Advantages of Random Beacon (Threshold signature) over block hash
Problems with using the block hash
Block hash (called ID()
in our code base) can be biased by a consensus node. It is possible for consensus nodes to loop over possible blocks and choose one with a block ID with the random outputs they prefer.
The protocol has a safer entropy source which is the random beacon, that is unpredictable and unbiasable (based on BLS threshold signatures). The plan is to wire its output to Cadence to export a safe randomness.
Details:
- Conceptually, consensus nodes construct the block, they have influence on which transactions go in the block and potentially can know what transactions are in the block.
- A consensus node first constructs the block locally, before broadcasting it. Lets say we have a single malicious consensus nodes, and lets call it Eve. Eve can locally construct 1000 different variants of a block (e.g. by just varying what it includes and what not ... typically there is combinatorially a very large degree of freedom).

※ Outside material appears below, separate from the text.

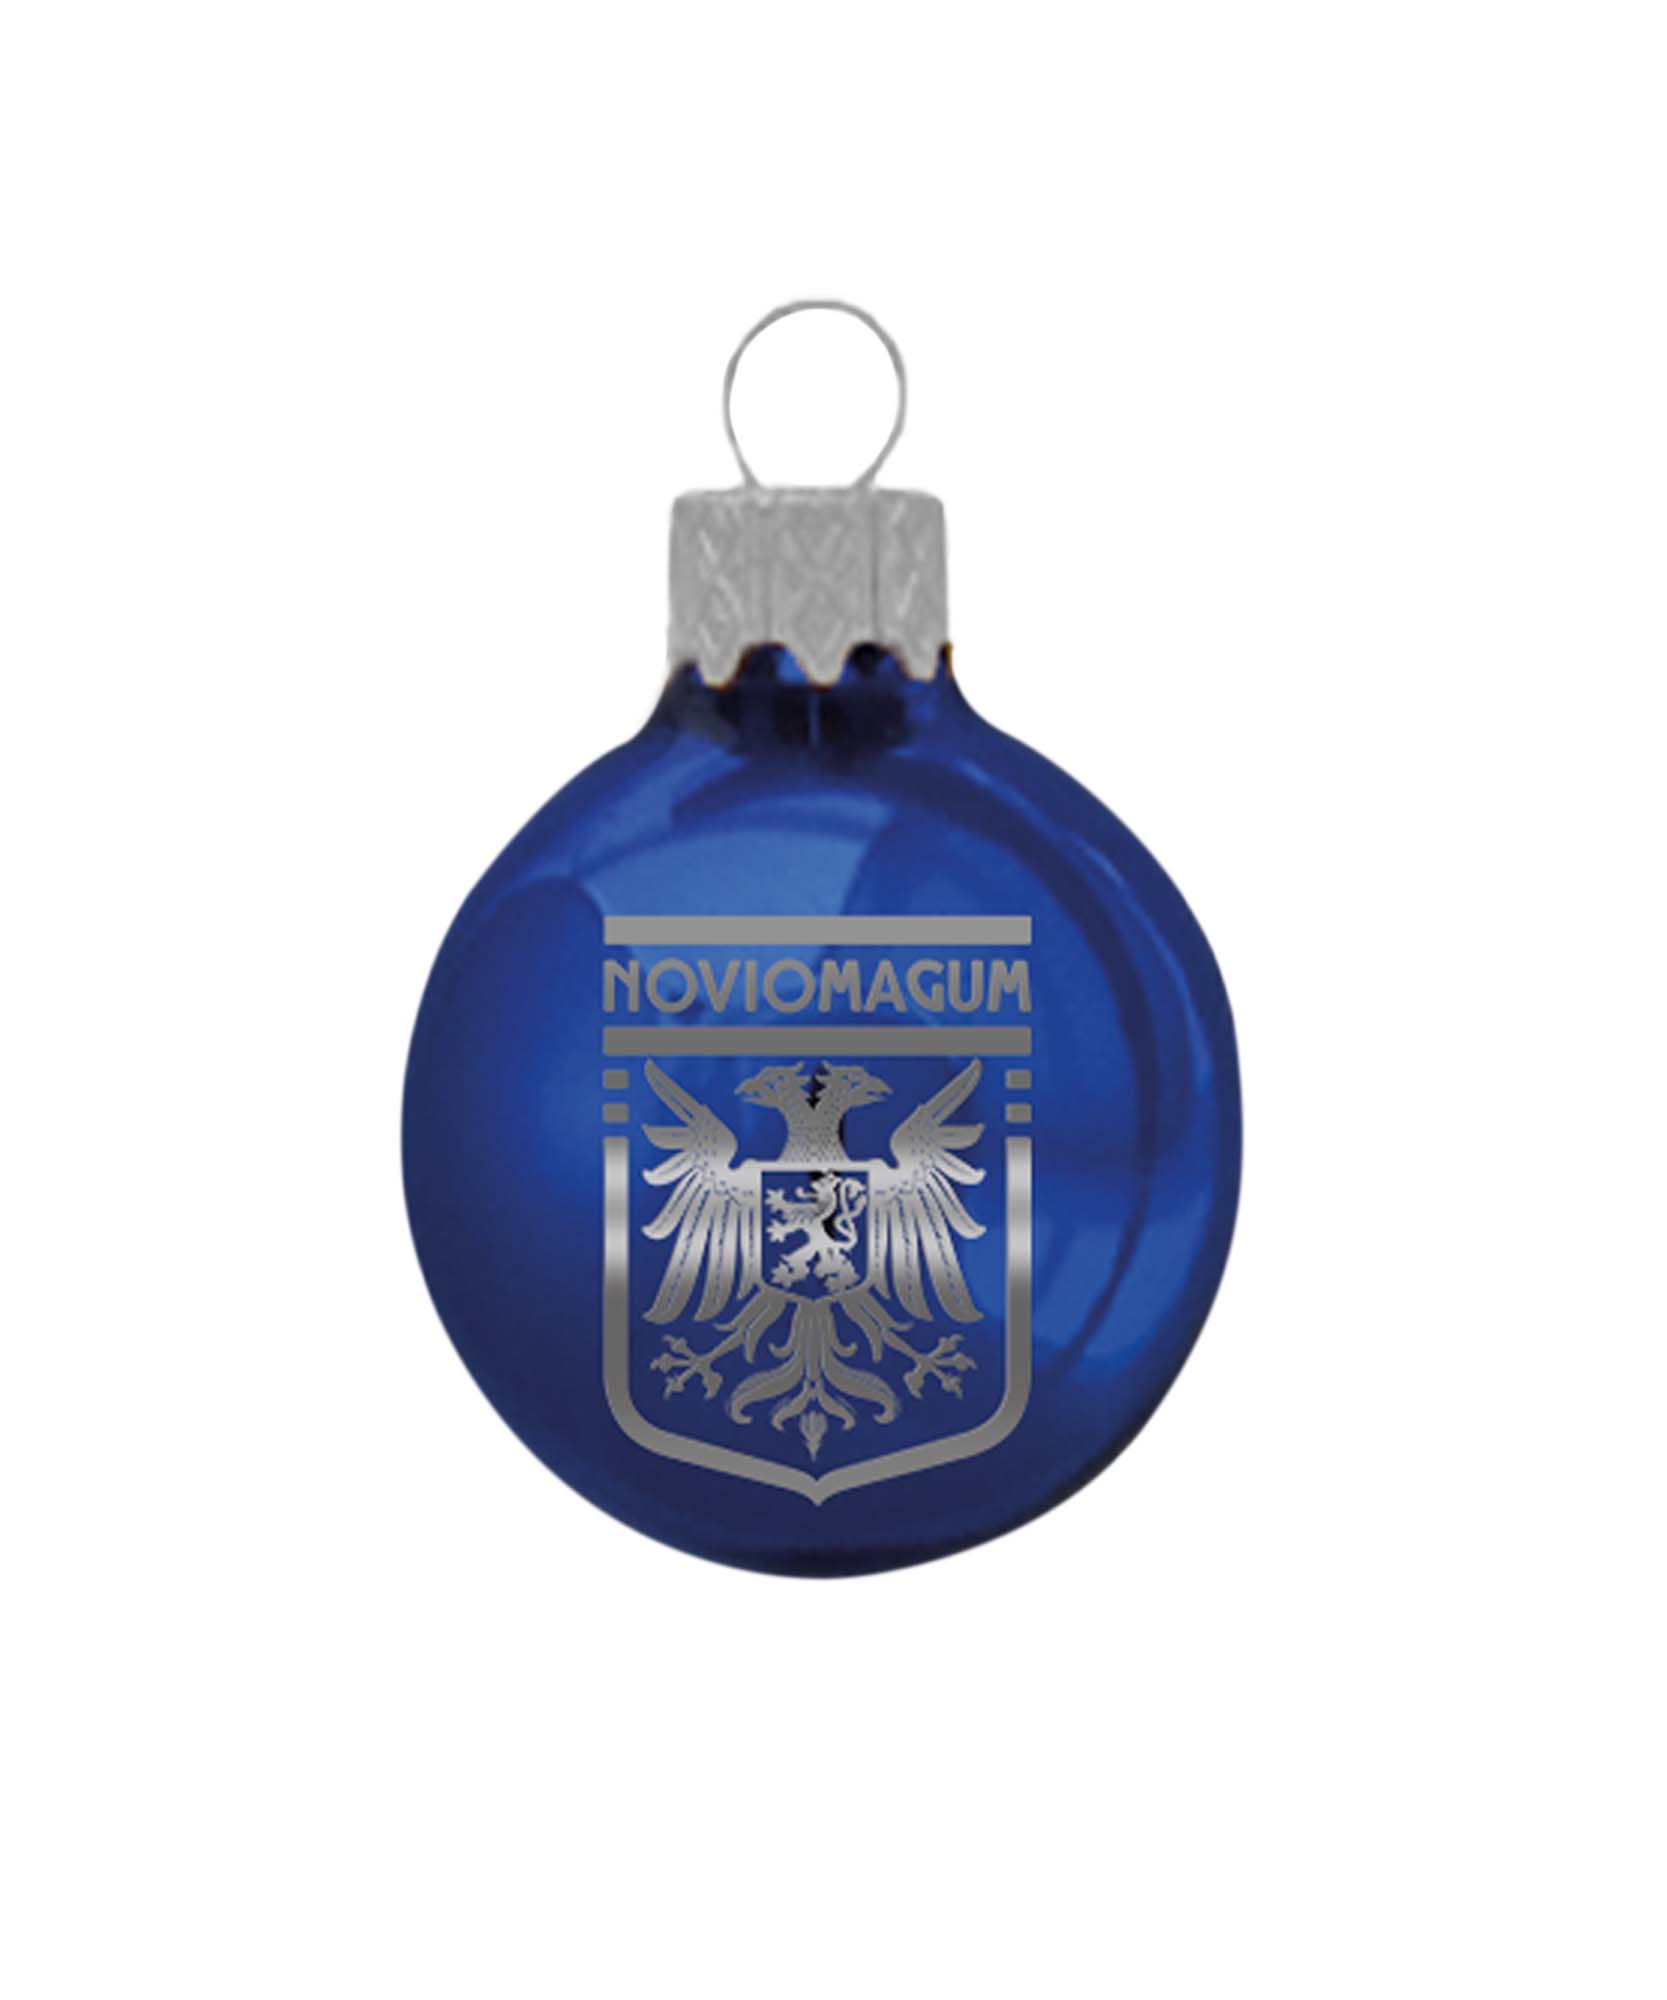 Prachtige blauwe kerstbal met het 'Noviomagum' wapen van Nijmegen erop voor kerstmis. Een leuke must-have voor in elke kerstboom

- Given a block, the calculation to get the random number generator seed for each transaction is fully deterministic, and the algorithm is open source. Meaning, Eve can locally calculate the random seed for each transaction.
- This is essentially like hash-grinding (or proof of work 😉 ). It takes a lot of computation, Eve is frequently unsuccessful, but with a small but non-zero probability she can post-select blocks where the random seed for one particular transaction is favourable.

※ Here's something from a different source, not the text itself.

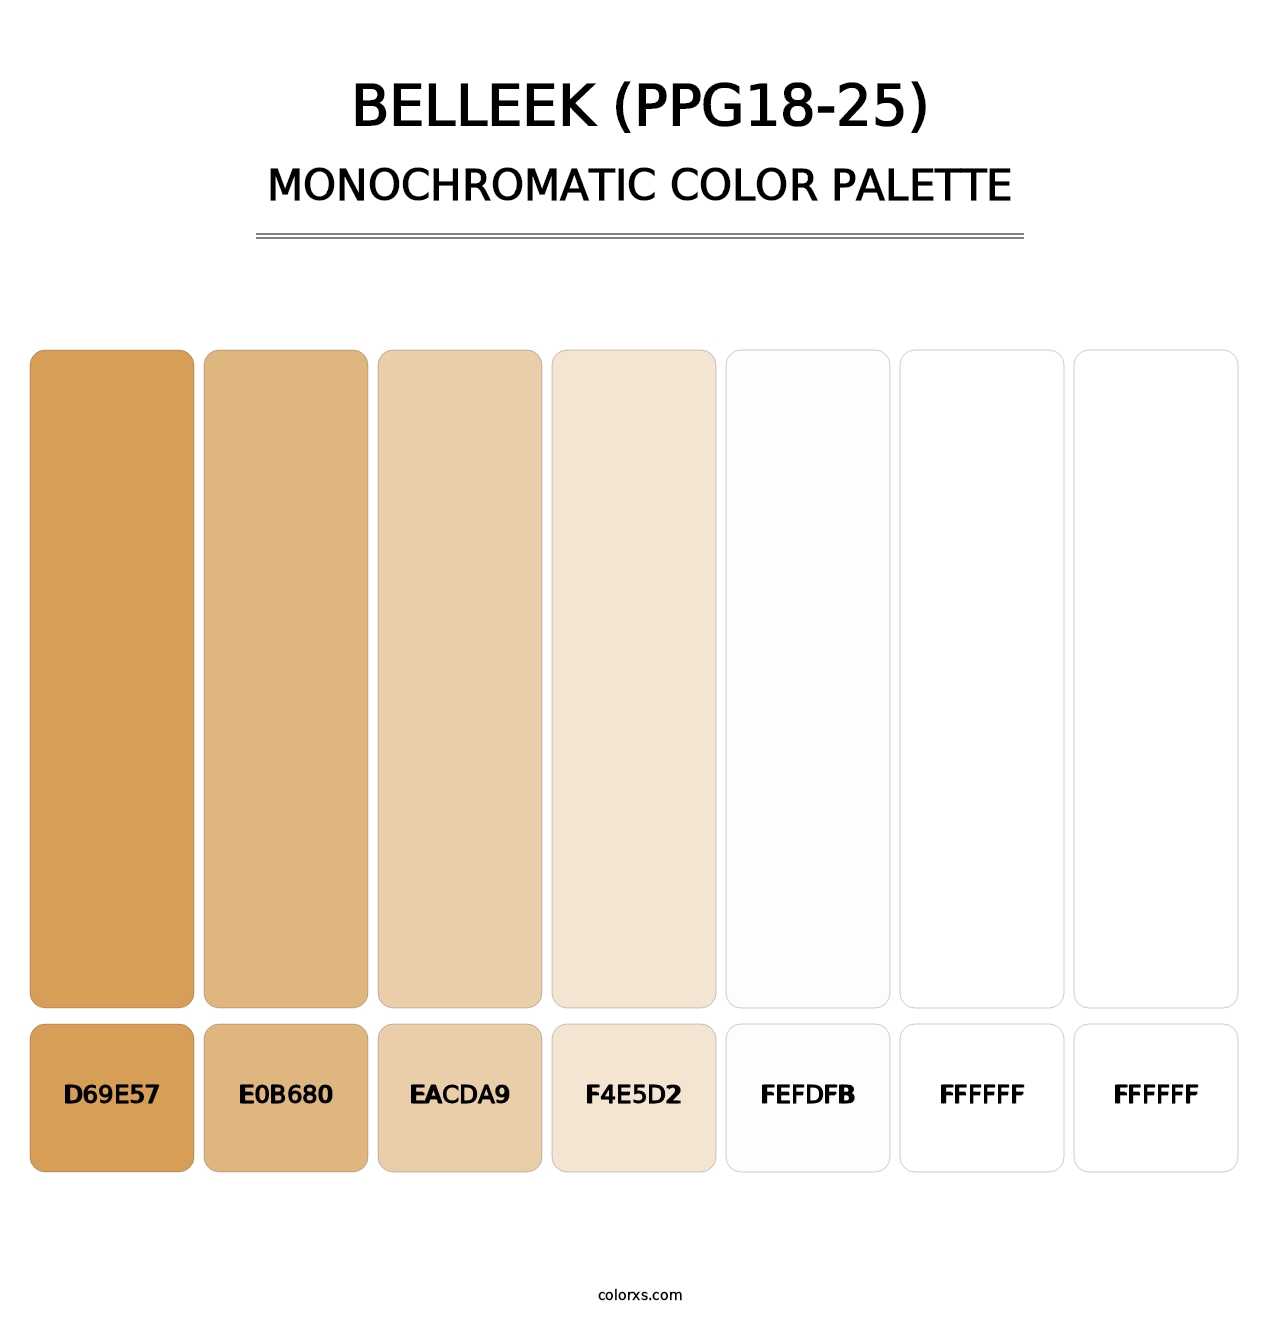 Belleek (PPG18-25) - Monochromatic Color Palette

- Lets say you are a web-3 casino. Typically, your margins are razor thin. You loose with probability 49% and win with 51%. It might be that somebody walks out of your casino with a million dollar. But that is an outlier, statistics is on your side. Averaged over many games and many people, you will statistically earn more money than you loose ... as long as your source of entropy is unbiased.

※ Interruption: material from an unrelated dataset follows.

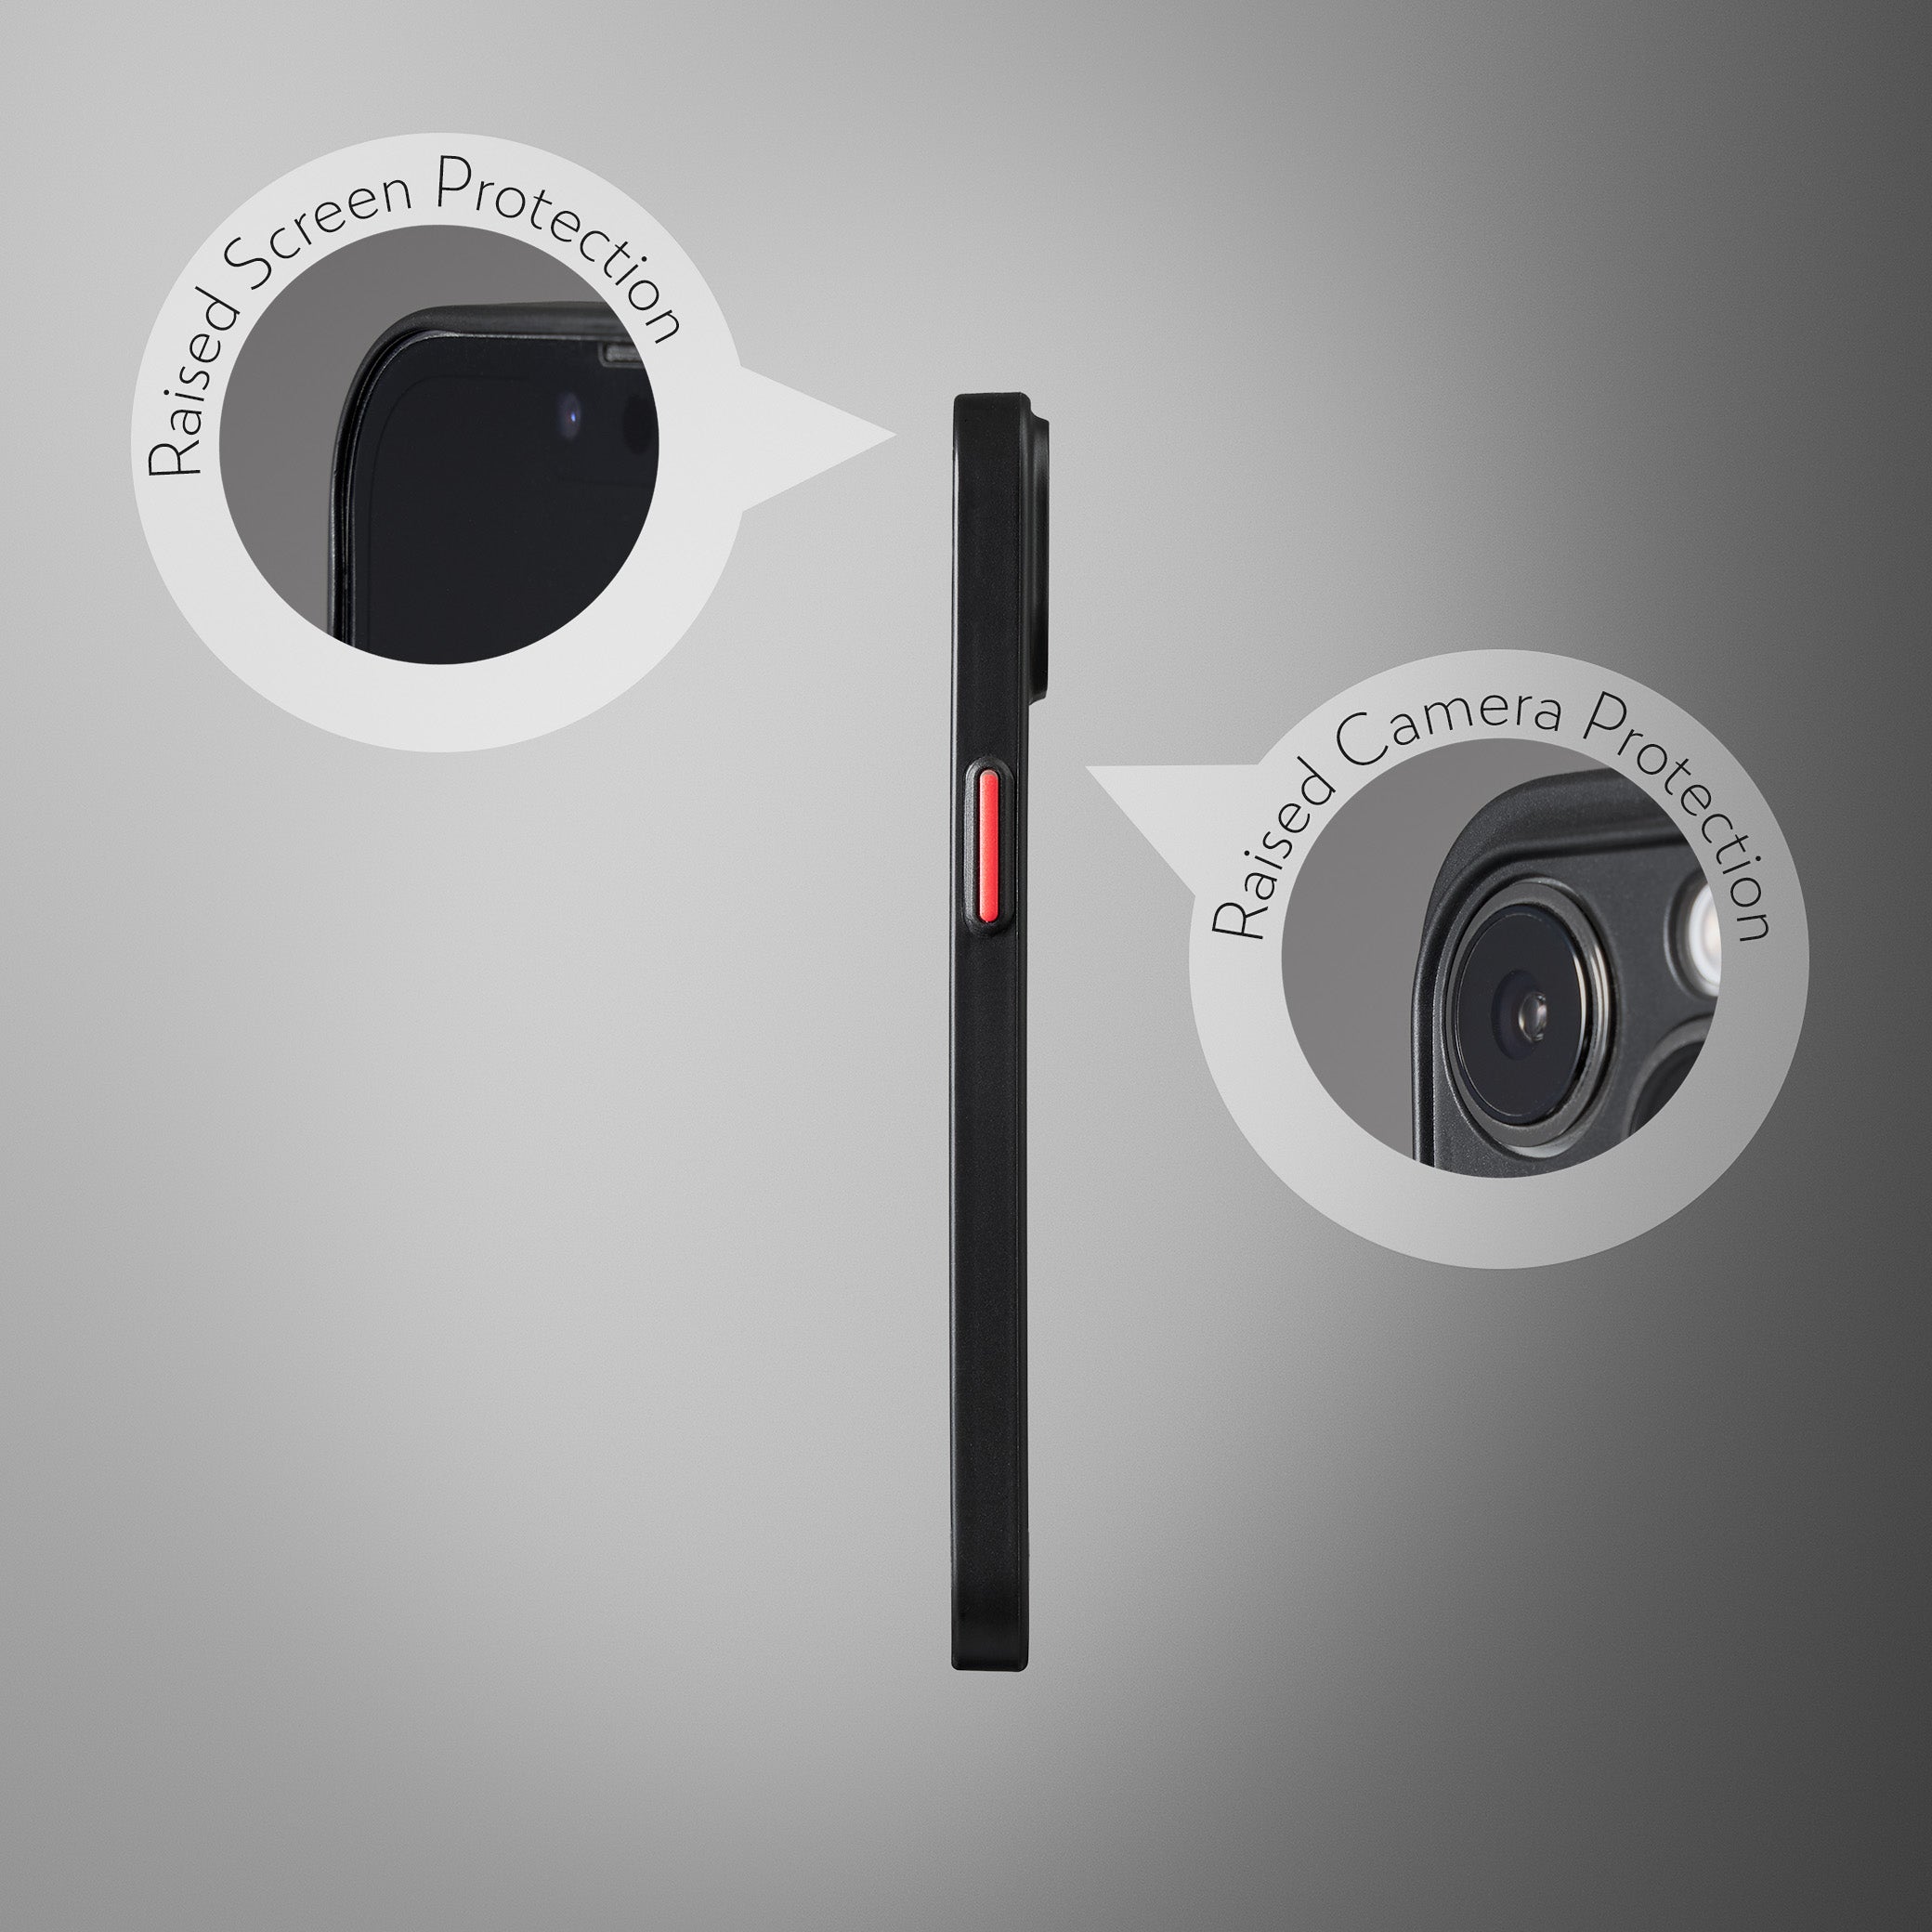 Super Slim Case 2.0 for iPhone 12 - Opaque Black

- Now Eve walks into your casino. 😅 She has enough money to play many games. Some games she looses. She mainly submits gambling transactions around the time it is her turn to propose a block. And when it is her turn to propose, she publishes that block (out of the many she builds internally) that seeds the random number generator for her transaction favourably. Hence, Eve is able to bias the probability of winning slightly ... just enough so the odds of winning are higher for her than your Casino. Slowly but surely, she will bleed your casino of all funds. 💀
The underlying insight is: Any data object that a single node constructs and where the node has any influence how the byte representation looks as a bad source of entropy. The message creator can always construct multiple variants and only release favourable ones.
Flow is one of the very few networks that has a unpredictable and relatively unbiasable source of entropy, aka our Random Beacon.
summary of problems using hash as entropy source:
-
Here, Eve constructs the block and can thereby "grind" the hash. You are right that the probability for eve to be successful might not be small here, if she has very very large computing resources available.
-
Though, what I was trying to illustrate:
Even if Eve's success probability to post-select favourable seed is relatively small, it can still make a materially large difference.
Threshold signature (aka random beacon) as entropy source
Section 4.3.4 in our paper [link] describes the random beacon, which is conceptually very different than the block hash:
-
As the following figure illustrates, the source of randomness generated by the random beacon is not part of the block, it is a threshold signature over the block

So if Eve is constructing block A, she has to publish it first. Meaning at the time of block construction, the source of randomness is unknown (first difference to block hash).